# Advanced Regular Expressions Lab

Complete the following set of exercises to solidify your knowledge of regular expressions.

In [1]:
import re

### 1. Use a regular expression to find and extract all vowels in the following text.

In [2]:
text = "This is going to be a sentence with a good number of vowels in it."

In [5]:
vowels = re.findall(r'[aeiouAEIOU]', text)

### 2. Use a regular expression to find and extract all occurrences and tenses (singular and plural) of the word "puppy" in the text below.

In [26]:
text = "The puppy saw all the rest of the puppies playing and wanted to join them. I saw this and wanted a puppy of my own!"

In [41]:
occurrences = re.findall(r'\bpupp(?:y|ies)\b', text)

# \b: Word boundary to ensure we match the whole word and not part of a word.
# pupp: The literal string "pupp".
# (?:y|ies): A non-capturing group that matches either "y" or "ies" (to cover both singular and plural forms).
# \b: Another word boundary to complete the match.

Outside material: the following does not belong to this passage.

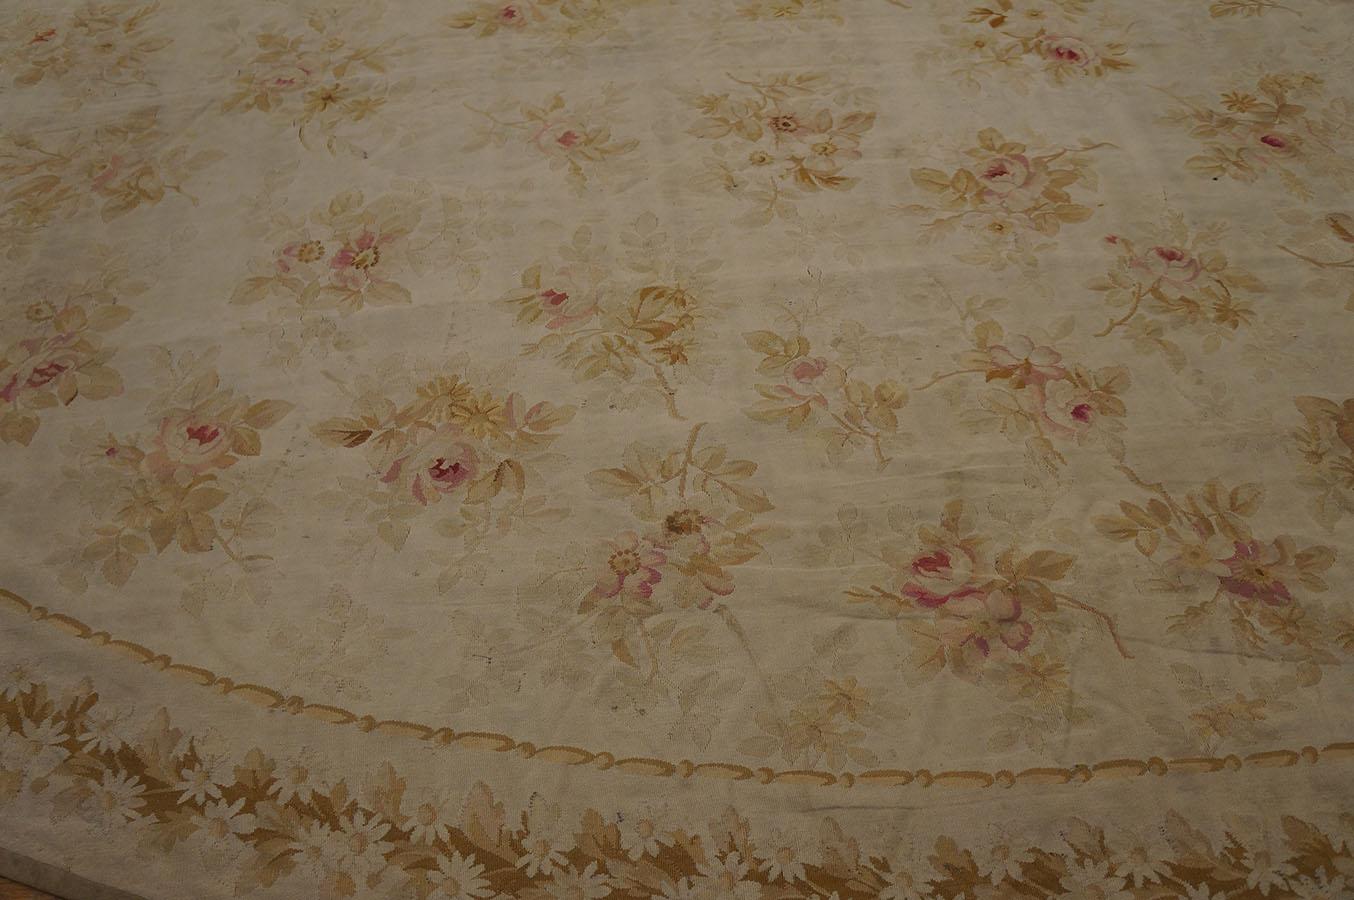 Late 19th Century French Aubusson Carpet ( 8' 4'' x 13' 4'' - 255 x 405 cm )  For Sale 2

# The re.findall function finds all occurrences of "puppy" and "puppies" (both singular and plural) in the text and returns them as a list.

### 3. Use a regular expression to find and extract all tenses (present and past) of the word "run" in the text below.

In [22]:
text = "I ran the relay race the only way I knew how to run it."

In [40]:
tenses = re.findall(r'\br(?:un|an)\b', text)

# \b: Word boundary to ensure we match the whole word and not part of a word.
# r: The literal character "r".
# (?:un|an): A non-capturing group that matches either "un" (present tense) or "an" (past tense).
# \b: Another word boundary to complete the match.

### 4. Use a regular expression to find and extract all words that begin with the letter "r" from the previous text.

In [39]:
words_starting_with_r = re.findall(r'\br\w+', text)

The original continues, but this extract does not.